6.3 Impact of Customizatio

As mentioned, due to the complex scenarios faced by databases in real-world situations, even accurately extracted relationship graphs require manual customizations to meet DSAR. These customizations include adding and pruning edges at the relationship graph level and output filtering at the output level. The Pubs document contains two types of data subjects. According to GDPR, we should not disclose the privacy of other data subjects when responding to DSAR from one data subject. Therefore, this leads to the need to filter some data manually. Although our tool identifies almost all reference relationships in Pubs, there are still some false positives. In the HRIS database, in addition to edge pruning, there is a need to add some edges that have not been correctly identified. In general, edge pruning can improve precision, while edge additions can improve recall.

On the basis of a complete relationship graph, output filtering can further improve precision. Because our relationship graph is built from an application perspective rather than being specific to a particular data subject, for data deletion, we use output filtering instead of edge pruning. This includes data that is irrelevant to the user, information related to other data subjects, and information that should not be returned based on actual usage scenarios or legal requirements.

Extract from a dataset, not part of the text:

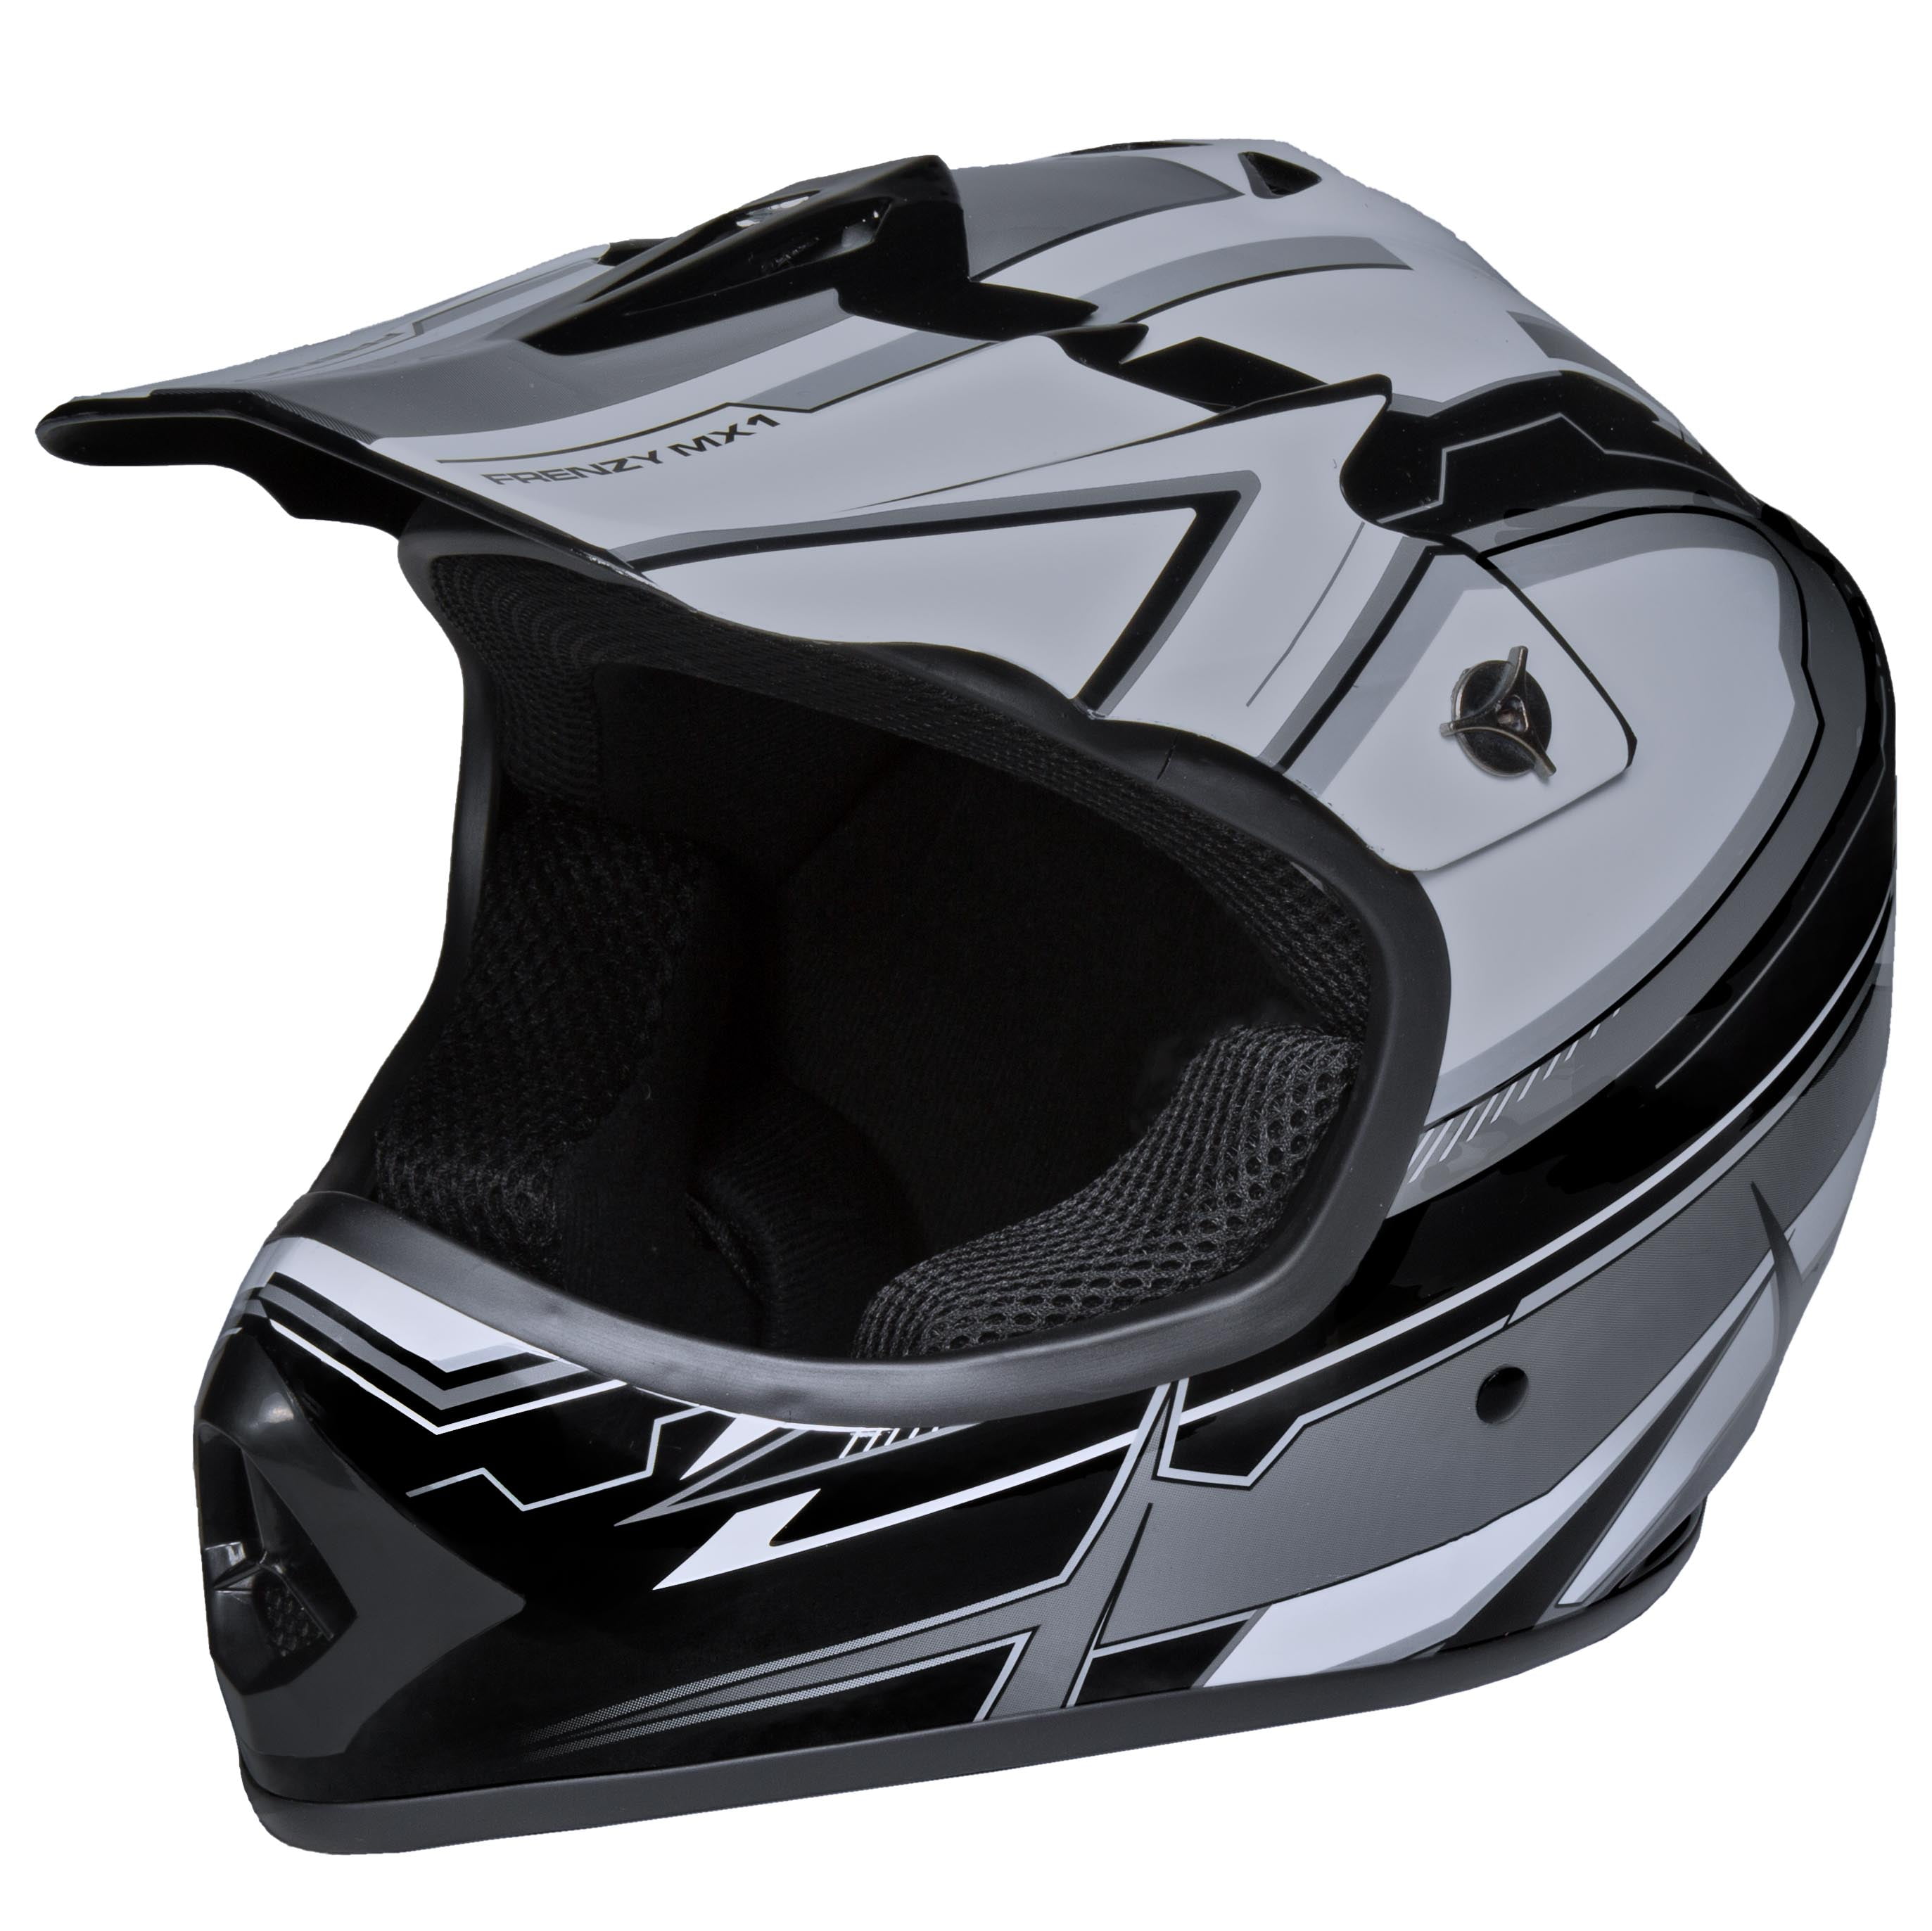 Universal Clear Pinlock Anti Fog Patch For Ls2 Motorcycle Full Face Helmet  Modular Capactet Ls2 Helmet Anti Fog Lens Film FZ8F# From Walmarts, $27.97

sample_mflix, due to its simple database structure, achieves 100% recall and precision even without customization, as shown in Fig. 5a. Pubs achieves 100% recall without customization. After edge pruning, its precision increases. However, due to Pubs having two data subjects, even a complete relationship graph results in a loss of precision. After filtering, precision increases to 100%, as shown in Fig. 5b. HRIS requires the most complex customization process. Firstly, based on the automatically generated relationship graph, the DBA needs to add and prune some edges to make the relationship graph consistent with the semantic relationship, including the recursive references in the employee document. Customization at the relationship graph level complements the missing edges. However, due to the redundant return of content in the sub-document where the manager is located, precision is affected. After filtering the output, precision and recall both increase to 100%. Fig. 6 reflects the impact of customization on output.

images

Figure 5: The impact of customization in Pubs. Edge pruning improves precision the most. Only through output filtering can we get 100% accuracy

images

Figure 6: The impact of customization in HRIS. After adding edges, the precision dropped. After passing the filter, the precision reached 100%

Our results indicate that our tool can assist organizations in responding to DSAR in NoSQL databases more easily. The automatically generated relationship graph helps identify relationships between different documents in the database. Through evaluation, we found that the generation of the relationship graph is greatly affected by the normalization of database modeling and the amount of data. For different scenarios and architectures of databases, the results may vary significantly.

7  Conclusion

The AI Act imposes requirements for the privacy compliance of artificial intelligence systems. Organizations must take the response to DSAR seriously. For the increasingly popular NoSQL databases, this work presents a challenge. We propose an algorithm and develop a tool to help database administrators meet these requirements. Since privacy relations are semantically based, the existence of a fully automated tool is improbable. However, through these tools, we aim to reduce the possibility of errors occurring when this process is executed manually. Our future work will further explore automated solutions to assist with compliance. Additionally, our work lacks evaluation in large-scale heterogeneous data. Exploration and validation in this area are another direction of our work.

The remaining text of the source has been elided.